The reviewer is correct and this comment promoted significant addition of detail to the manuscript. We have added an extended figure (Ext. Fig. 9) showing our VMT stimulation recording sessions. We originally did not include these because we were performing a parameter search to understanding if VMT stimulation could increase mPFC-hippocampal theta coherence. The results section was expanded accordingly.

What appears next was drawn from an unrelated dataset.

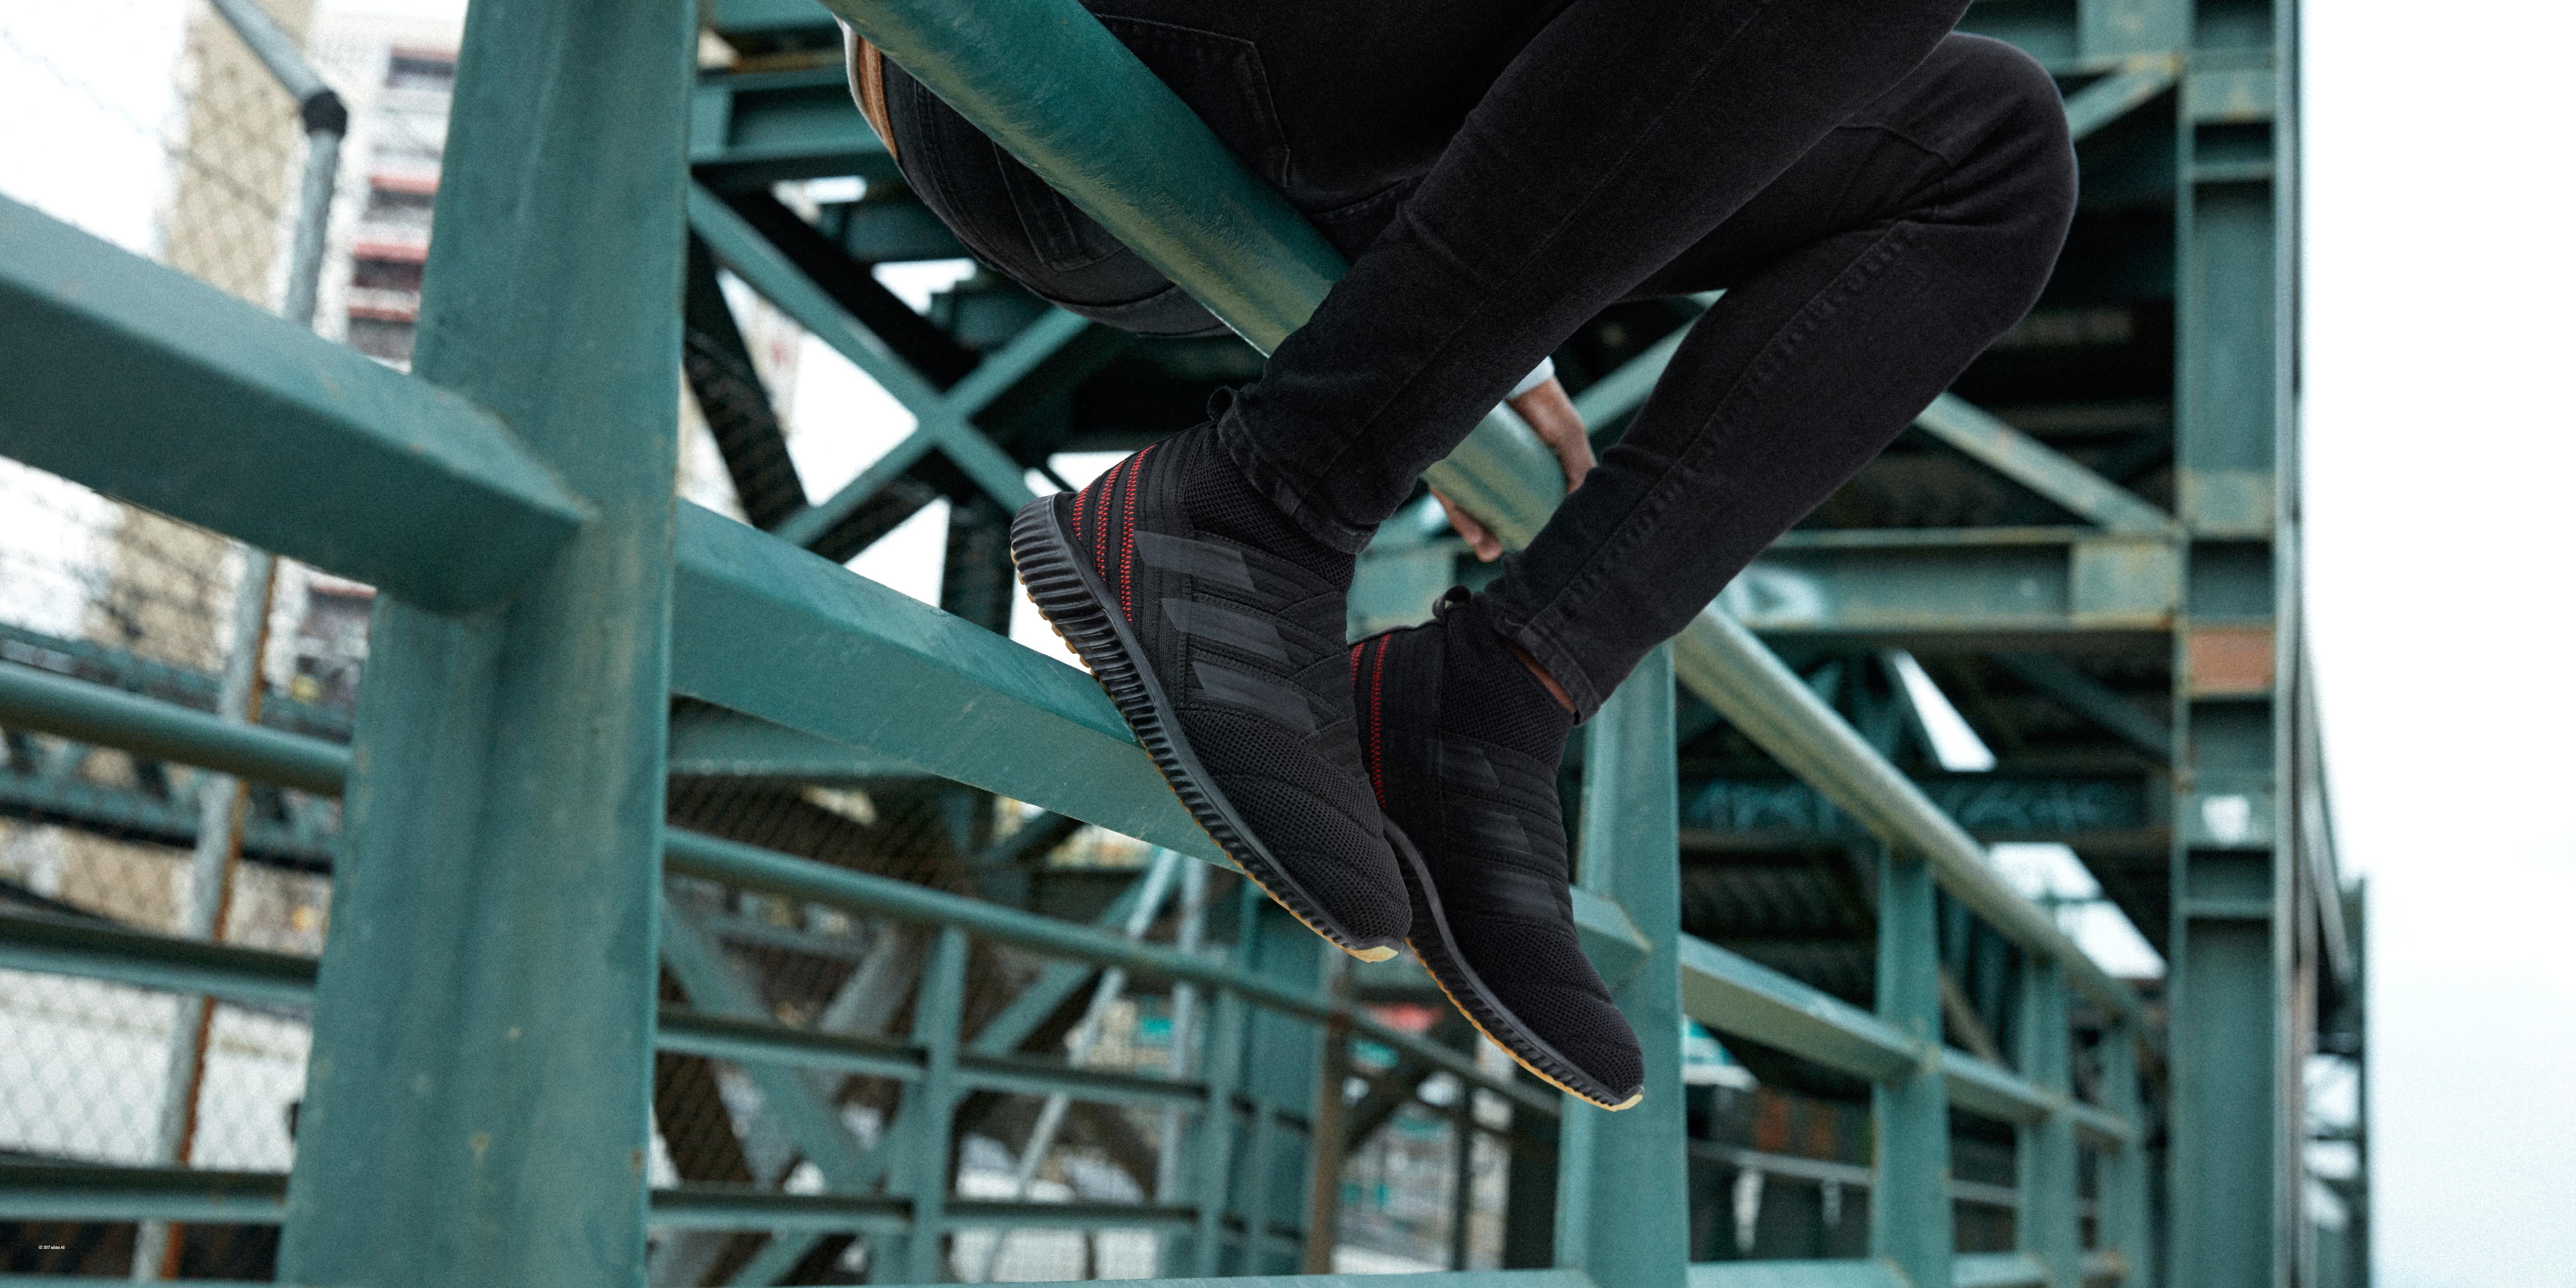 adidas dévoile la Nemeziz Mid, chaussure street inspirée par le « taping »

Changes to writing / figures :

• The paper by Eliav et al, 2018 is cited to illustrate the universality of coupling between hippocampal rhythms and spikes whereas the main finding of this paper is that spikes lock to non-rhythmic LFP in the bat hippocampus. It seems inappropriate to cite this paper in the sentence on line 65.

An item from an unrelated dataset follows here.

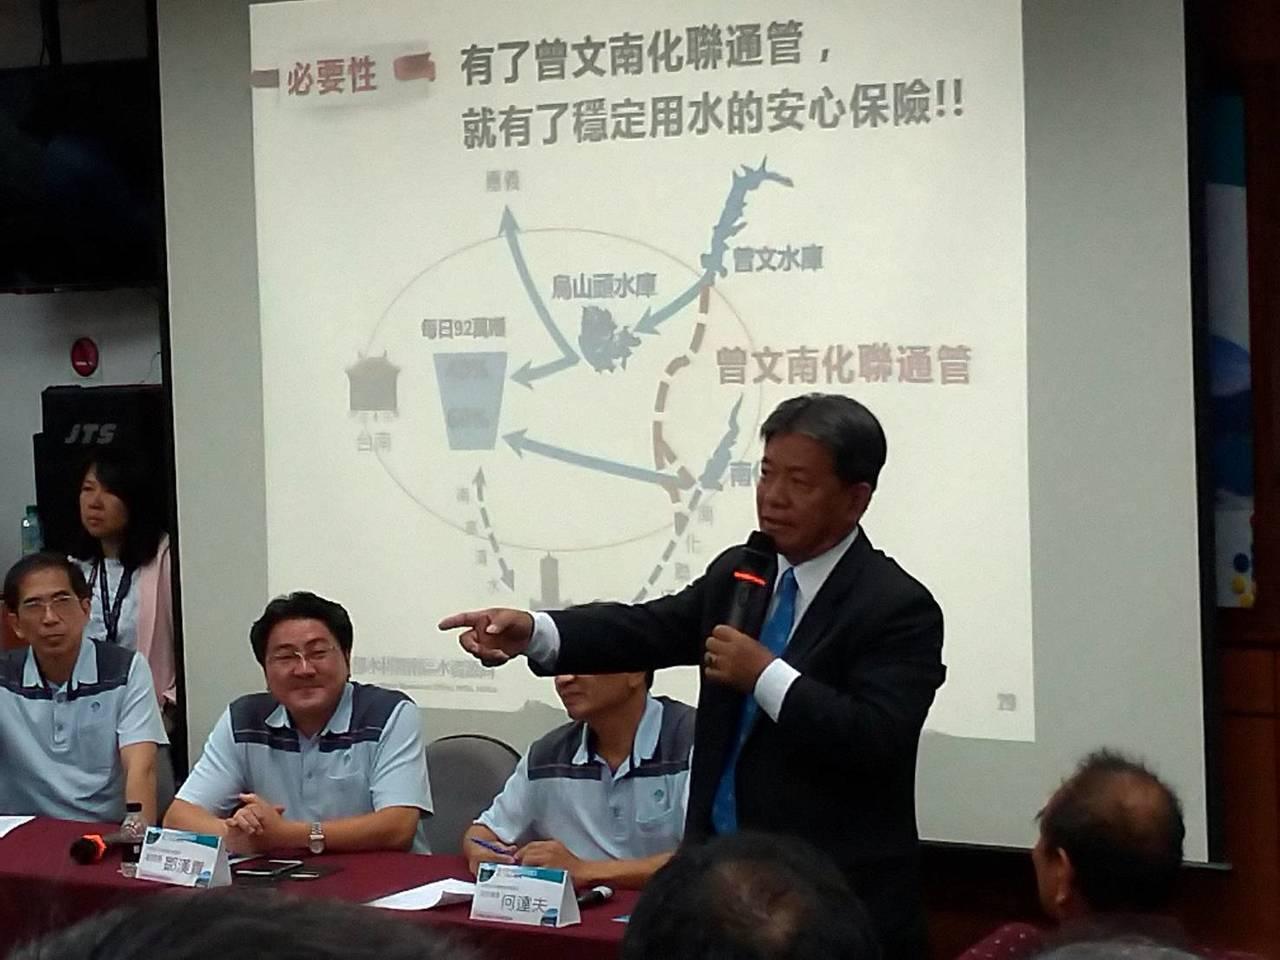 台南市議長郭信良出席曾文南化聯通管工程第二場公聽會,聲援在地居民,反對聯通管興建...

We agree with the reviewer and this citation was removed.

• Line 180 when explaining the protocol, it would help comprehension if the authors clearly stated that "trial initiation" means opening the door to allow the rat to make its choice. I was initially unfamiliar with the paradigm and didn't figure this out immediately.

We added a description to the second paragraph of our first results section.

• Lines 324 and following: the analysis shows that there is a slow decay over around 2s of the theta coherence but not that it is periodical (as in regularly occurring in time), this would require the auto-correlation to show another bump at the timescale corresponding to the period of the signal. I recommend the authors use a different terminology.

This comment is now addressed above in our response to Reviewer #2.

• Lines 344: I am not sure why the stable theta coherence levels during the fixed delay phase show that the link with task performance is "through mechanisms specific to choice". Could the authors elaborate on this?

We elaborated on this point further at the end of “Trials initiated by strong prefrontal-hippocampal theta coherence are characterized by prominent prefrontal theta rhythms and heightened pre-choice prefrontal-hippocampal synchrony”

• Line 85: "independent to test the effect of choice outcome on task performance." I think there is a typo here and "choice outcome" should be "theta coherence".

The sentence was removed in the updated draft.